West v. Atkins - 487 U.S. 42 (1988)
U.S. Supreme Court
West v. Atkins, 487 U.S. 42 (1988)
West v. Atkins
Argued March 28, 1988
Decided June 20, 1988
487 U.S. 42
Respondent, a private physician under contract with North Carolina to provide orthopedic services at a state prison hospital on a part-time basis, treated petitioner for a leg injury sustained while petitioner was incarcerated in state prison. Petitioner was barred by state law from employing or electing to see a physician of his own choosing. Alleging that he was given inadequate medical treatment, petitioner sued respondent in Federal District Court under 42 U.S.C. § 1983 for violation of his Eighth Amendment right to be free from cruel and unusual punishment, relying on Estelle v. Gamble, 429 U. S. 97. The court entered summary judgment for respondent, holding that, as a "contract physician," respondent was not acting "under color of state law," a jurisdictional prerequisite for a § 1983 action. The Court of Appeals ultimately affirmed.
Held: A physician who is under contract with the State to provide medical services to inmates at a state prison hospital on a part-time basis acts "under color of state law," within the meaning of § 1983, when he treats an inmate. Pp. 487 U. S. 48-57.
(a) If a defendant's alleged infringement of the plaintiff's constitutional rights satisfies the state action requirement of the Fourteenth Amendment, the defendant's conduct also constitutes action "under color of state law" for § 1983's purposes, since it is "fairly attributable to the State." Lugar v. Edmondson Oil Co., 457 U. S. 922, 457 U. S. 935, 457 U. S. 937. Thus, a state employee generally acts under color of state law when, while performing in his official capacity or exercising his official responsibilities, he abuses the position given to him by the State. Polk County v. Dodson, 454 U. S. 312, distinguished. Pp. 487 U. S. 49-50.

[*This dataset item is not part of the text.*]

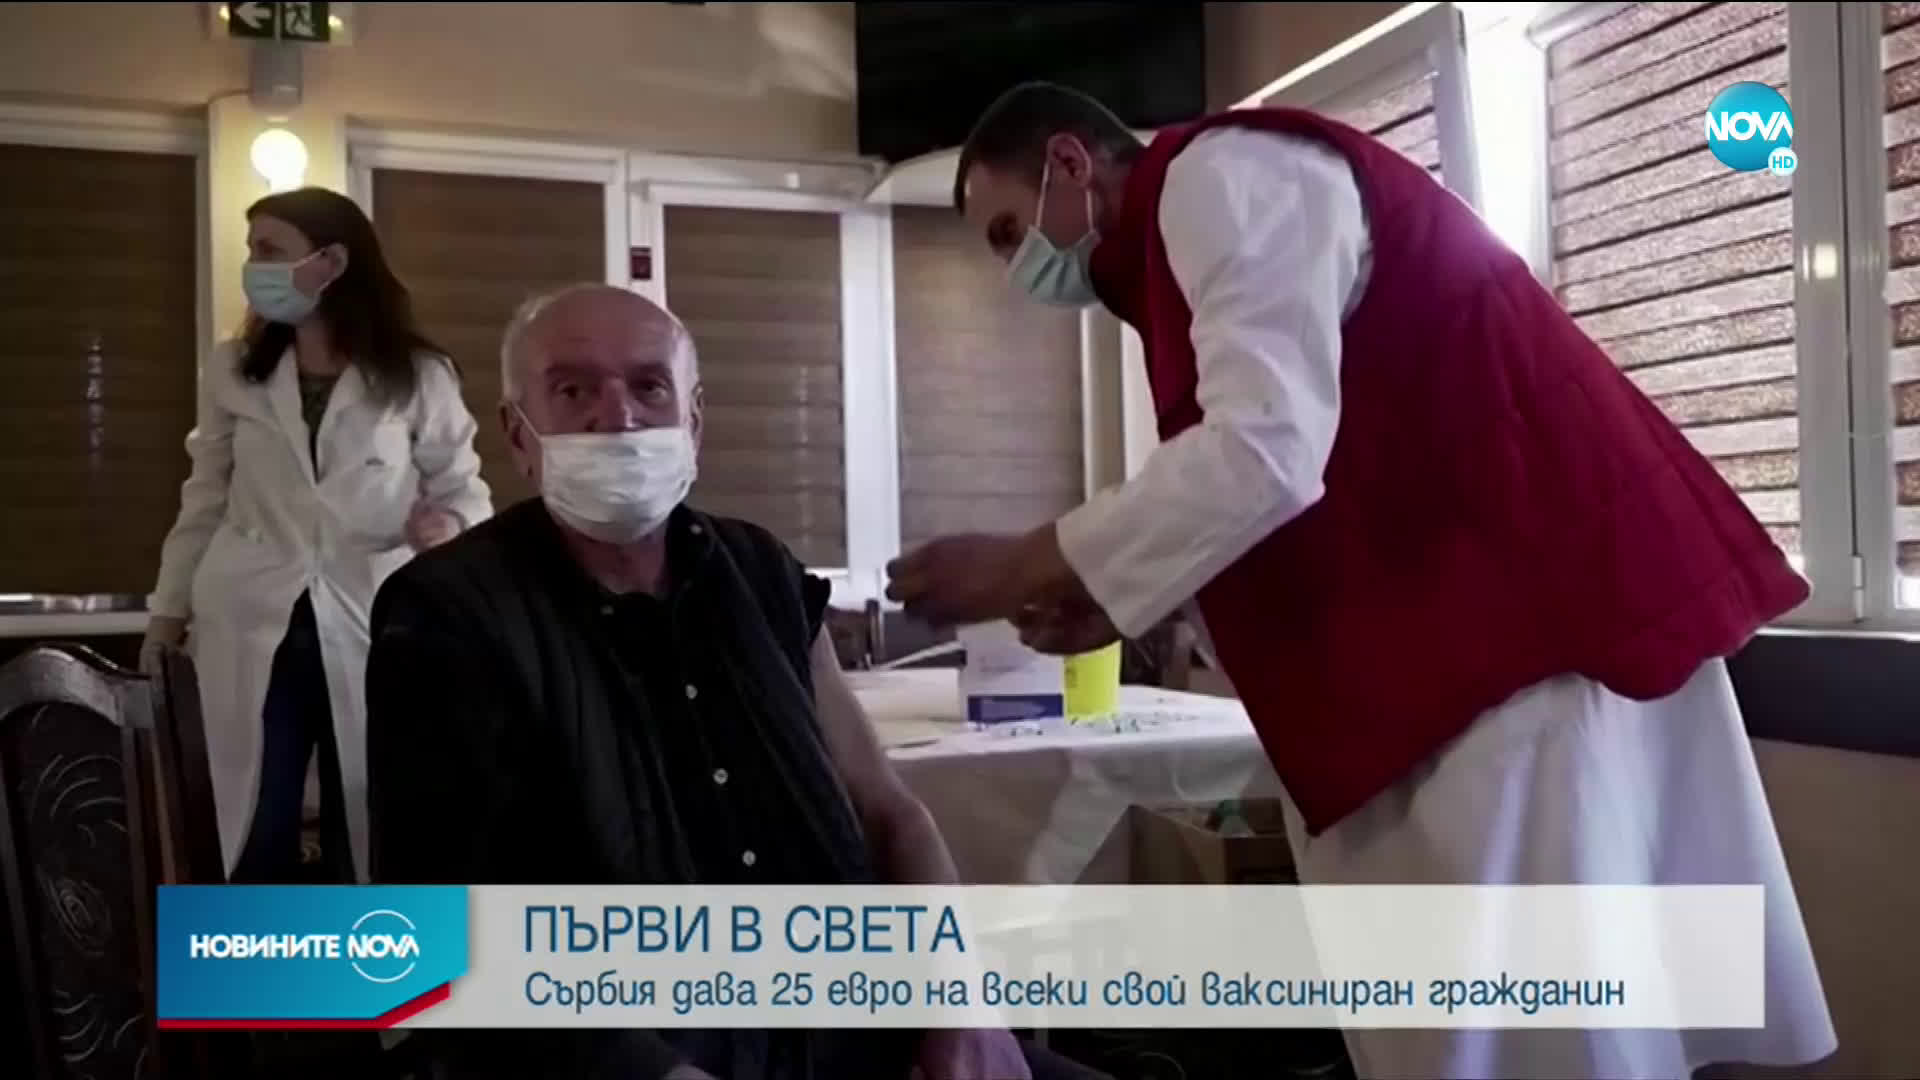 ПЪРВИ В СВЕТА: Сърбия дава 25 евро на всеки свой ваксиниран гражданин

(b) The Court of Appeals erred in concluding that defendants are removed from § 1983's purview if they are professionals acting in accordance with professional discretion and judgment, and that professionals may be liable under § 1983 only if exercising custodial or supervisory authority. The court's analogy between respondent and the public defender in Polk County, supra, is unpersuasive. Pp. 487 U. S. 50-54.

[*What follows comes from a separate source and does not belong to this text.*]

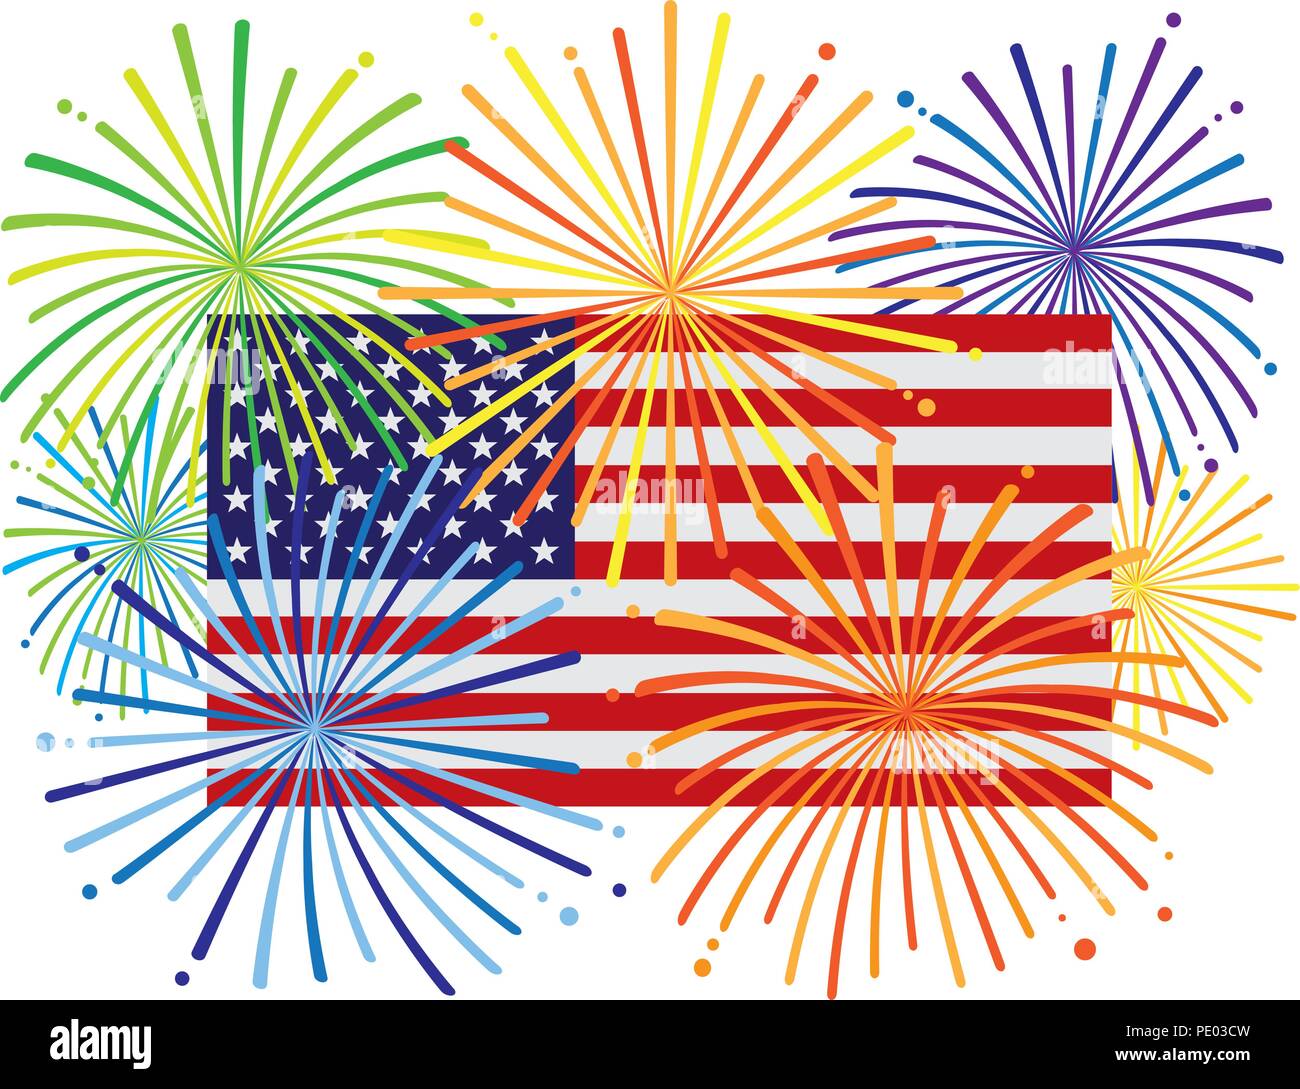 Fuegos artificiales sobre USA bandera americana para Año Nuevo o el 4 de julio de celebración del Día de la independencia ilustración en color Ilustración del Vector

(c) Respondent's conduct in treating petitioner is fairly attributable to the State. The State has an obligation, under the Eighth Amendment
and state law, to provide adequate medical care to those whom it has incarcerated. Estelle, supra, at 429 U. S. 104; Spicer v. Williamson, 191 N.C. 487, 490, 132 S.E. 291, 293. The State has delegated that function to physicians such as respondent, and defers to their professional judgment. This analysis is not altered by the fact that respondent was paid by contract, and was not on the state payroll, nor by the fact that respondent was not required to work exclusively for the prison. It is the physician's function within the state system, not the precise terms of his employment, that is determinative. Pp. 487 U. S. 54-57.
815 F.2d 993, reversed and remanded.
BLACKMUN, J., delivered the opinion of the Court, in which REHNQUIST, C.J., and BRENNAN, WHITE, MARSHALL, STEVENS, O'CONNOR, and KENNEDY, JJ., joined. SCALIA, J., filed an opinion concurring in part and concurring in the judgment, post, p. 487 U. S. 58.